В 1790 году 4 июня тульский губернатор Лопухин писал в своем отношении к епискому коломенскому Афанасию, что "из жительствующих в г. Туле священно-церковно-служителей, имеющих домашния училища, оказалось, по достоверной выправке, 19, коим со внушением Высочайшаго об училищах устава и объявлено было через управу благочиния, дабы они согласились в домашних своих училищах обучать питомцев согласно с Высочайшим постановлением"; но из всех сему установлению последовали только двое, а прочие, как видно, "следуя закоренелому у них упрямству", отказались, "коим, равно и числу обучающихся в них детей, прилагая при сем реестр, покорно прошу ваше преосвященство к таковому высокомонаршему устроению приложить и со стороны вашей воспособление". Речь шла о том, чтобы частные учителя выдержали экзамен в главном народном училище и получили свидетельство от приказа общественного призрения на преподавание.
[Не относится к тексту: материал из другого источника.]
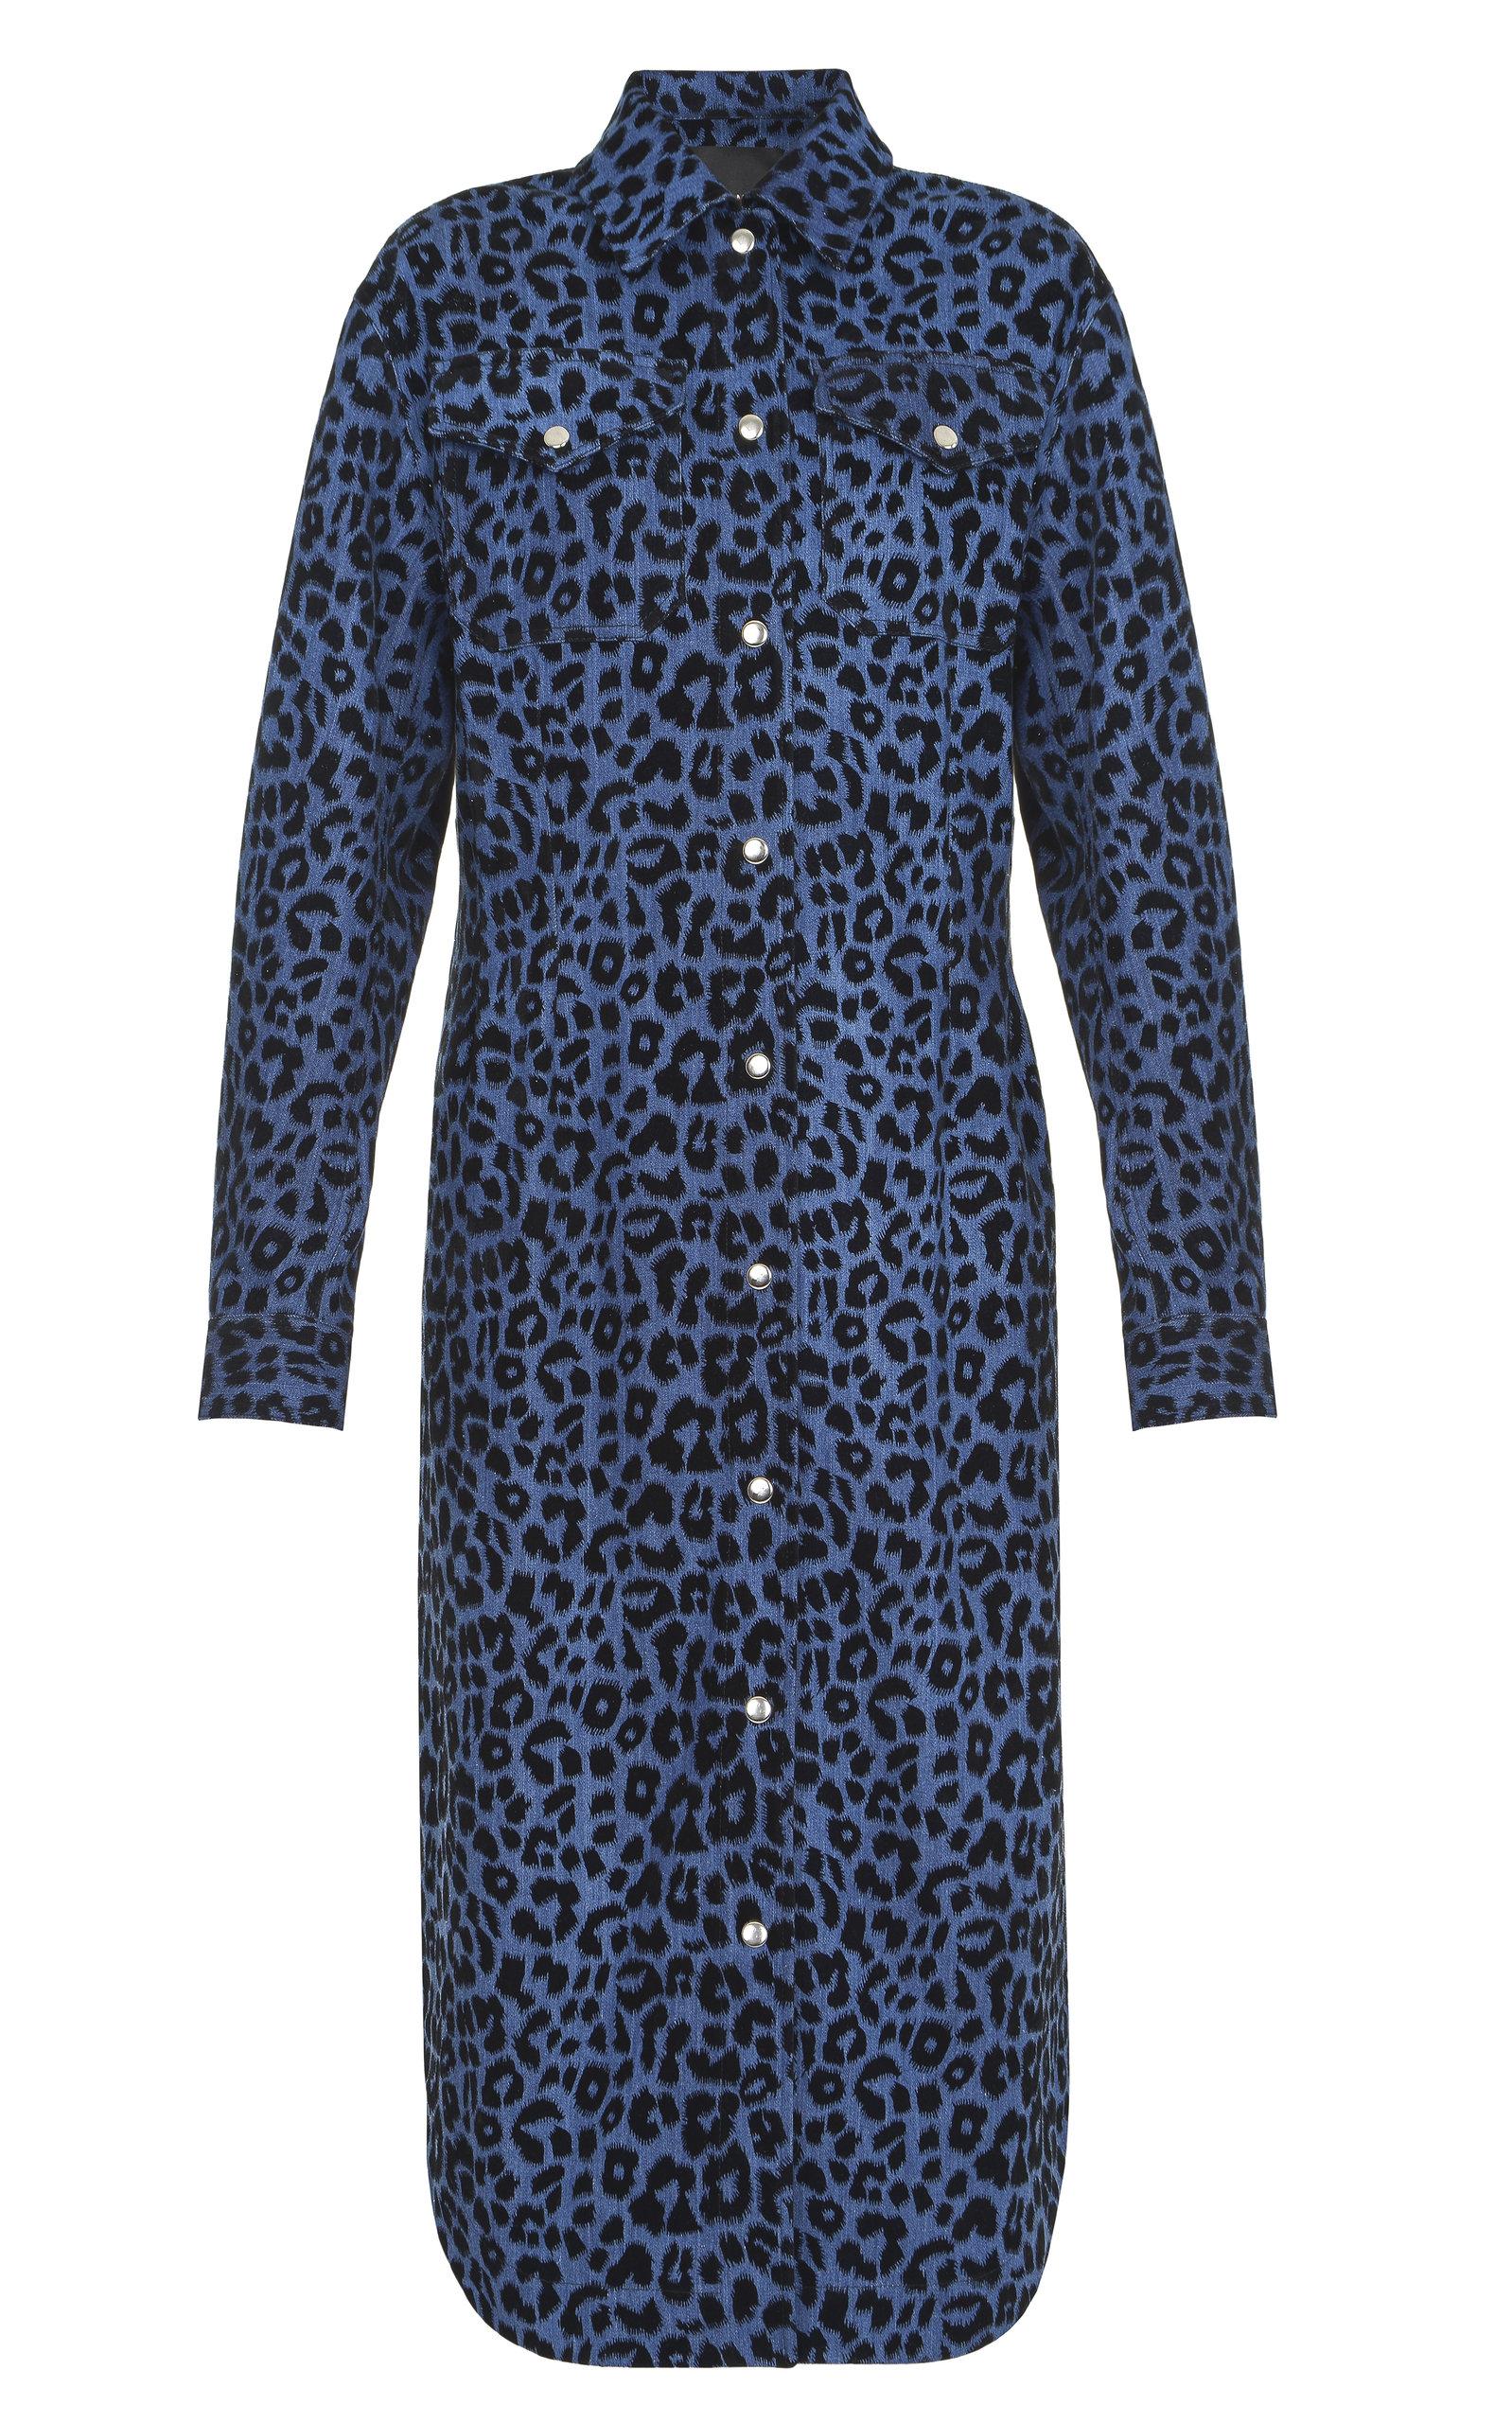 Women's Leopard Printed Cotton-Blend Longline Jacket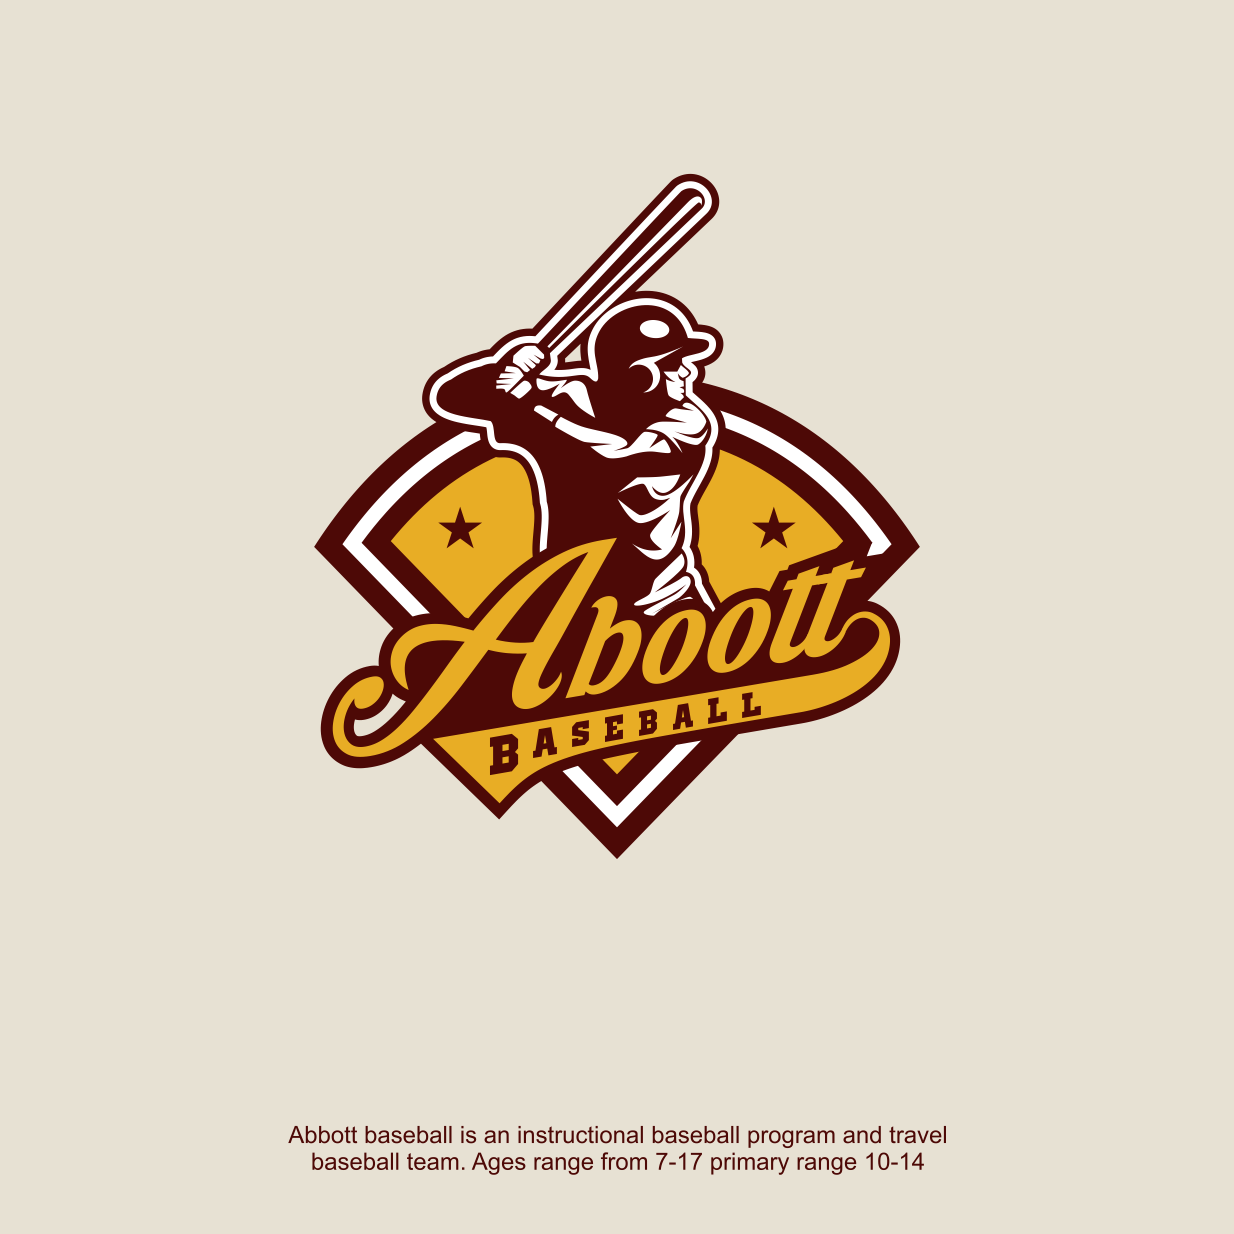 Vintage Baseball Logo 6579 Personal Design In 2020 Baseball Design Vintage Baseball Sports Logo Design

Из представленного списка видно, что в 17 школах (две подчинились распоряжению и не вошли в реестр) было 186 учащихся, которые по школам распределялись так: по 2 учащихся было в двух школах, 4 — в одной, по 5 — в двух, 7 — в одной, 8 — в одной, по 11 — в четырех, по 13 — в двух, 15 — в одной, 20 — в одной, 21 — в одной и 27 — в одной 10. Следствием изложенного ходатайства была посылка коломенской консисторией в тульское духовное правление указа о неимении духовным лицам отныне в домах своих школ и под неопустительным в противном случае штрафом обязательстве их к тому "наикрепчайшими подписками" 11. По тем же причинам пятью годами ранее (в 1785 г.) в Петербурге были закрыты все частные русские школы и один иностранный пансион, а 30 иностранных пансионов и школ оставлены при условии введения в них новых методов учения. Всем этим частным школам и пансионам правительство указывало к исполнению необходимое требование: "единообразие в книгах и учебном способе, чтобы не последовало ни в учителях, ни в книгах какого разврата". О. П. Козодавлев, ревизовавший в 1788 году народные училища в 10 губерниях, объяснял, между прочим, недостаточность училищ в ярославском наместничестве тем, что "в Ярославле многим дьячкам учение до сего времени не было запрещено".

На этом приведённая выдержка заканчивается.